因此，血浆 ctDNA 检测目前在临床环境中的作用是什么？在诊断环境中，活检样本有限以允许进行分子表征的患者可能会受益于 ctDNA 检查。然而，一个能够检测更广泛潜在靶向突变的平台将是理想的，包括 EGFR、ALK（间变性淋巴瘤激酶）、ROS1（ROS 原癌基因 1）、RET（转染期间重排）、MET（间充质-上皮细胞转变） 、HER2（人表皮生长因子受体 2）、BRAF（B-raf 原癌基因）、KRAS（KRAS 原癌基因）和 NTRK（神经营养性酪氨酸受体激酶）。液体活检还可以检测在进展时没有可及的活检部位的患者在一线奥希替尼后获得性耐药后可能的耐药机制。这些可能包括 MET、HER2 和 PI3 激酶的出现。由于需要对 NSCLC 进行更广泛的突变检测，我们正在推进将 NGS 作为主要检测方式。值得注意的是，虽然 NGS 未在当前研究中进行测试，但 AURA3 研究的分析表明，NGS 比其他方法具有更广泛的覆盖范围。

液体活检的其他新兴用途是监测治疗反应和耐药性，因为残留的 ctDNA 和可检测的 ctDNA 的动态变化可能比放射学疾病进展更早被检测到。⁸例如，在接受 EGFR-TKI 治疗的患者中检测到血浆中的 T790M 突变比放射学进展早了 344 天，尽管它对治疗决策的影响尚待确定。⁹

当前的 NCCN（美国国家综合癌症网络）指南建议使用广泛的、基于 panel 的方法，如 NGS，如果未识别出任何驱动致癌基因，尤其是在非吸烟者中，则考虑基于 RNA 的 NGS，以改进融合事件的检测。它不支持使用 ctDNA 代替组织诊断，因为假阴性率高达 30%。但是，如果患者在医学上不适合进行侵入性手术，组织样本经病理证实后材料不足，或由于组织可用性有限导致诊断生物标志物评估不完整，NCCN 指南确实支持使用 ctDNA。^{10, 11}

2021 IASLC（国际肺癌研究协会）共识声明也承认血浆 ctDNA 是晚期 NSCLC 基因分型的有效工具。只有当血浆 NGS 不可用时，基于低多重性的方法才被认为是合适的。IASLC 共识声明还认为，如果未检测到致癌基因驱动突变，则单基因检测是不完整的，并建议根据其他指南对其他可操作的生物标志物进行系列检测。
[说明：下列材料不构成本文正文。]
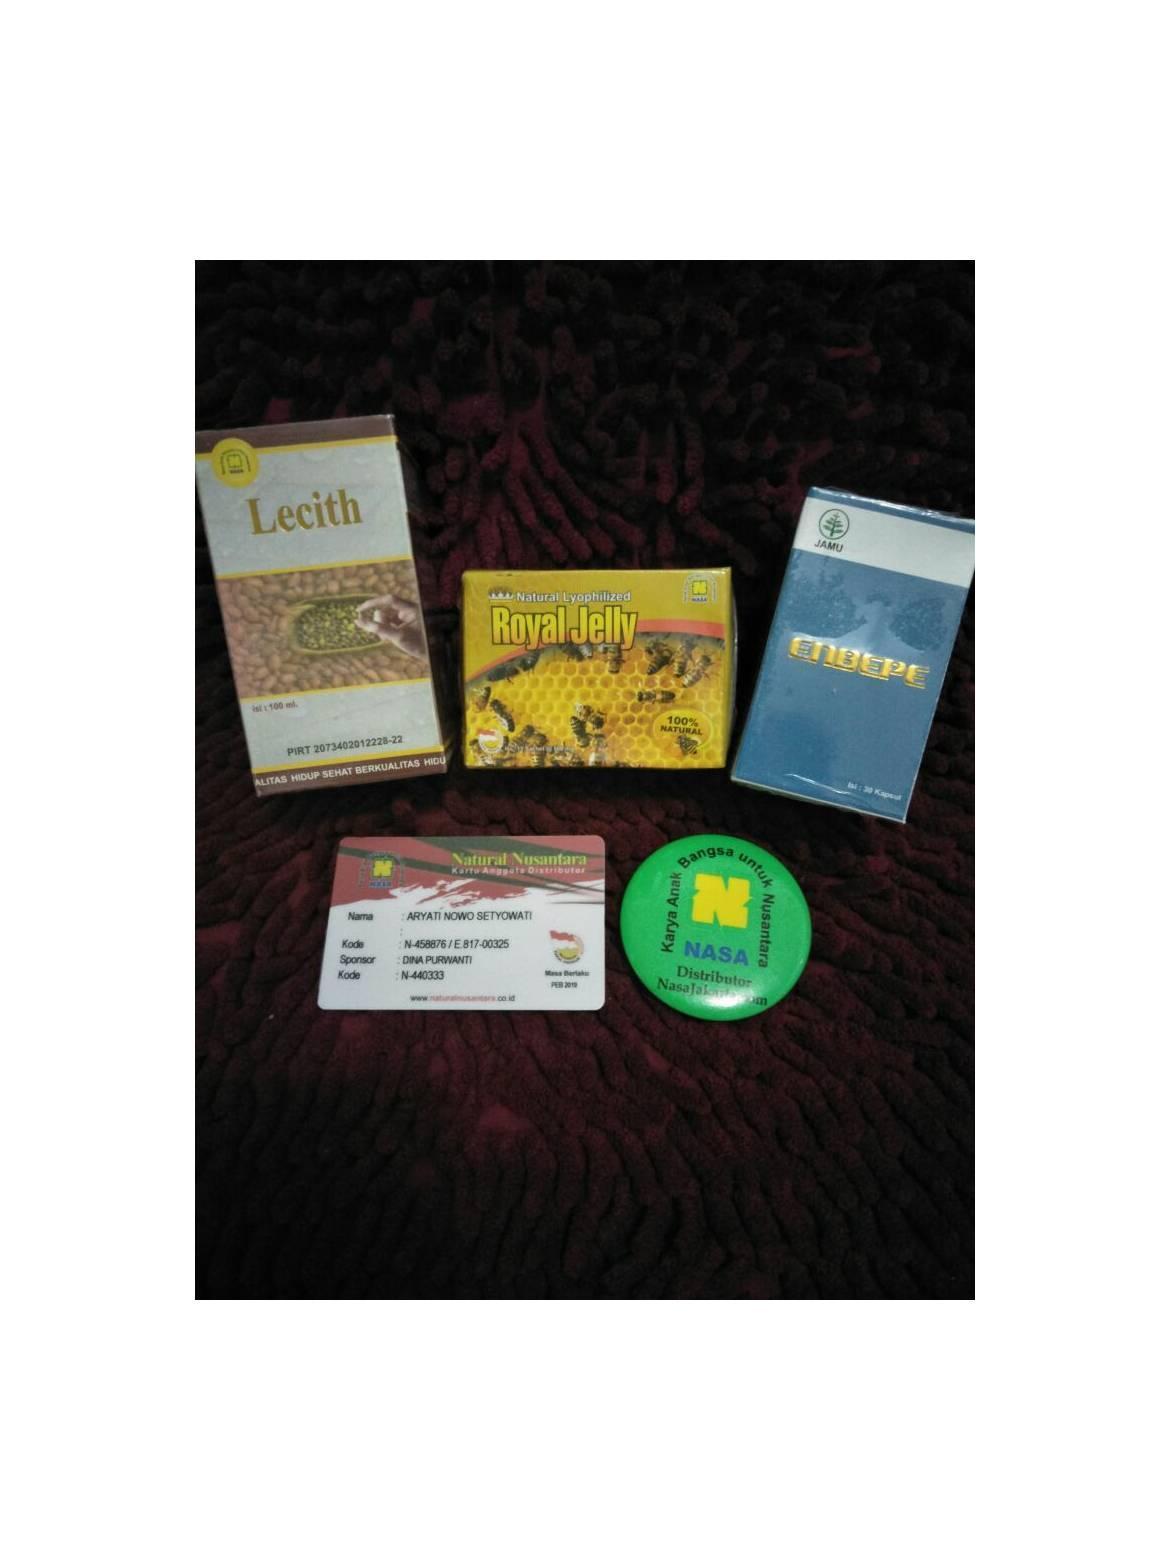 Obat Strok Nasa/Darah Tinggi/Obat Pikun/Agen Nasa Jakarta 1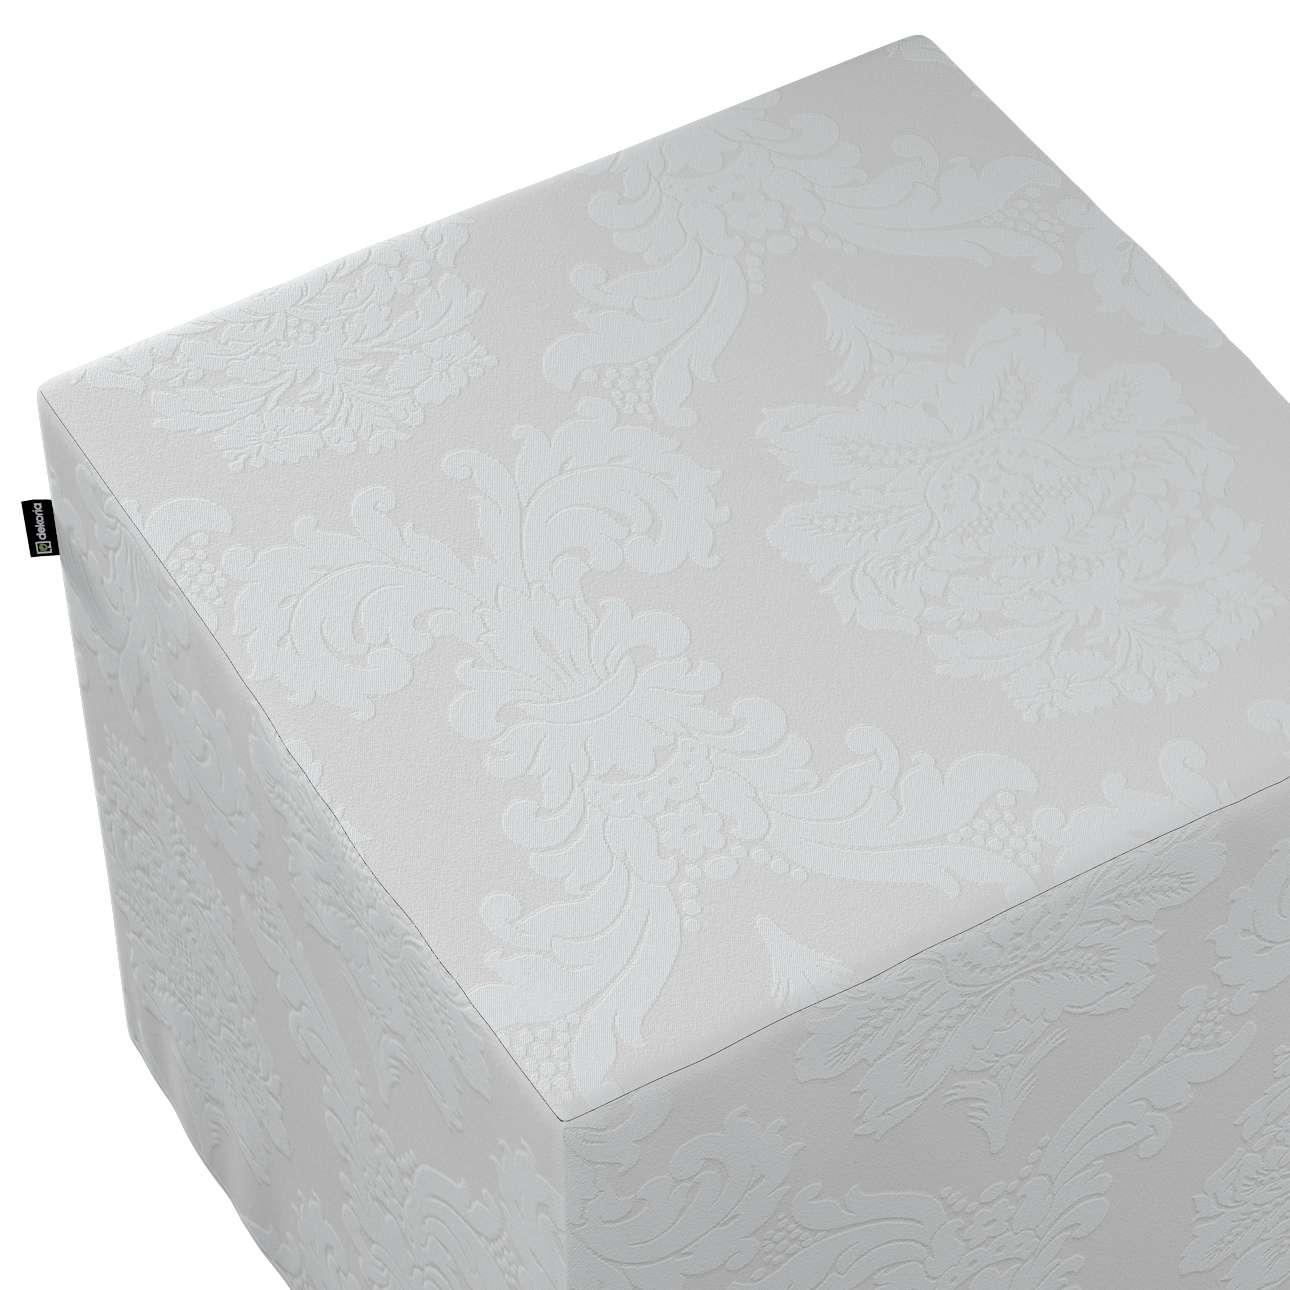 Sedák Cube - kostka pevná 40x40x40 v kolekci Damasco, látka: 613-81

¹²

然而，NGS 在液体活检中的采用相对缓慢，部分原因是缺乏标准化的方法和商业化检测。即使在新加坡等发达国家，液体活检中使用 NGS 的可负担性也仍然是缓慢采用的关键问题。¹³

总的来说，我们认为液体活检在肺癌治疗中具有潜在作用。然而，考虑到肺癌临床上感兴趣的突变范围广泛，无论是在诊断时还是在靶向治疗后的进展中，单基因平台（如本期报道的平台）不太可能有帮助。因此，当在组织活检不充分的情况下考虑液体活检时，NGS 似乎是这种情况下最有利的。现实世界的吸收将取决于方法学研究和临床结果数据的访问和高质量证据，然后才能演变成一种改变实践的模式，以更好地为患者提供护理。